Looks like they have released cforms under the GPL
cforms II delicious:daysWith version 10.2 cforms will be 100% GPL compliant, why the "change" in direction? Because of the few of you, who do respect the effort that went into this plugin.
Interesting. I wonder what caused the change of heart. (beyond the "few who respect the effort...")
Hopefully their choice to go GPL-compliant will strengthen their user base. As David said, every plugin and theme author should receive credit for the work they put into their software. I think people will be much more happy to do so now that they've chosen to go the Automattic "blessed" route.
I wonder if the WordPress guys can re-upload the stats then so it still has its ten thousand downloads (or something) and is still one of the most voted plugins.
It would be a shame if it had to start from the start again.
The lord of every land, rising for them,
The Aton of the day, great of majesty.
Great Hymn of the Aton
Great that cforms II will continue forward GPL or not.
For those of you that think all WP themes are automatically GPL, how do you reconcile that with this? Frequently Asked Questions about the GNU Licenses - GNU Project - Free Software Foundation (FSF)

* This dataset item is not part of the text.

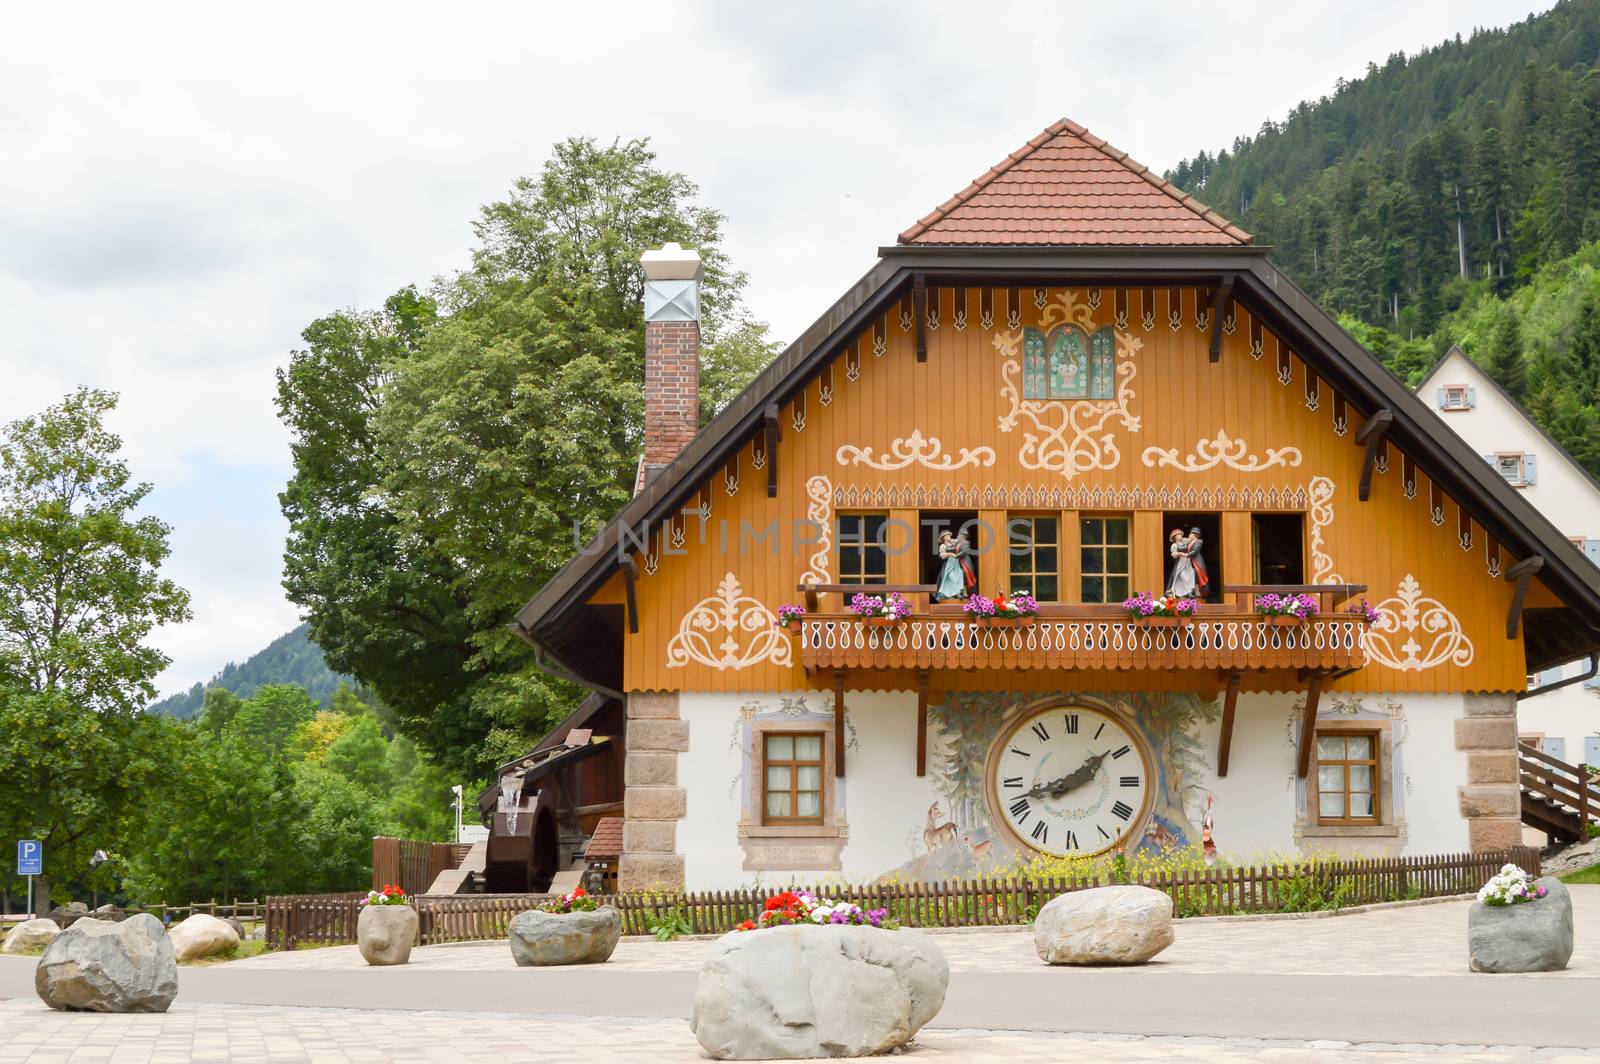 House of the Hofgut Sternen cuckoo in the black forest in Germany
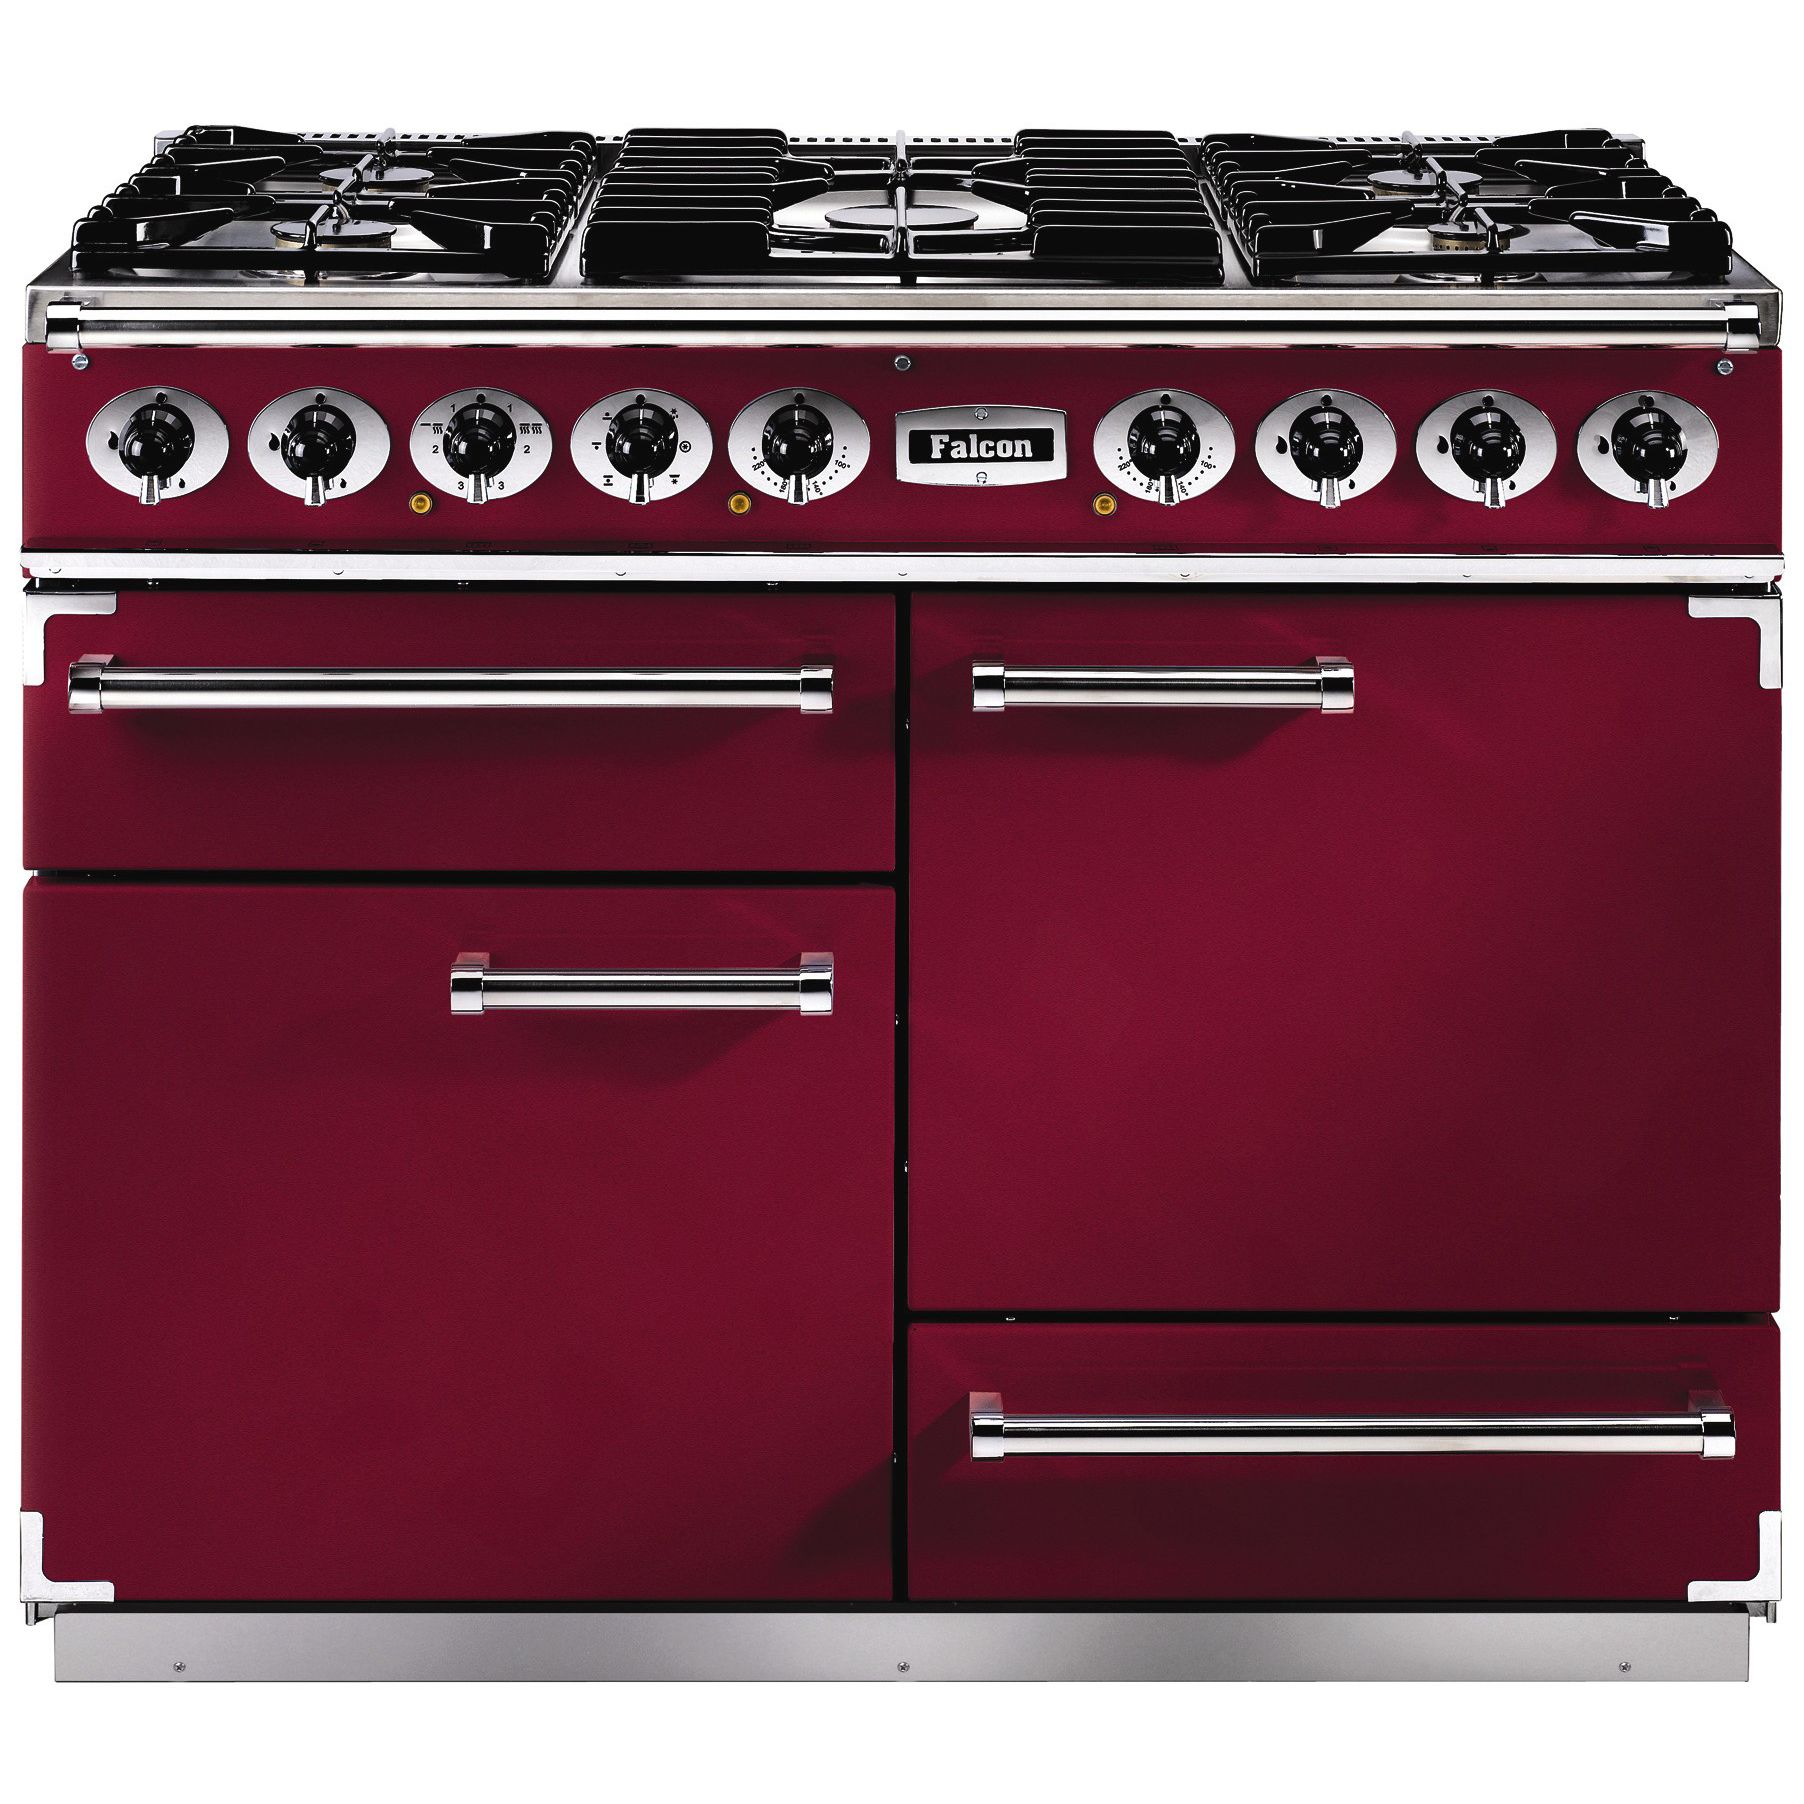 Falcon Deluxe 1092 Dual Fuel Range Cooker, Cranberry / Gloss Chrome at John Lewis

Templates are minor enough that it is not worth using copyleft to protect them. It is normally harmless to use copyleft on minor works, but templates are a special case, because they are combined with data provided by users of the application and the combination is distributed. So, we recommend that you license your templates under simple permissive terms.
- and -
As a special exception to the GPL, any HTML file which merely makes function calls to this code, and for that purpose includes it by reference shall be deemed a separate work for copyright law purposes.
Dangnabbit! That would have been a useful clause for them add in the original license. Is it possible to retrospectively add an exception?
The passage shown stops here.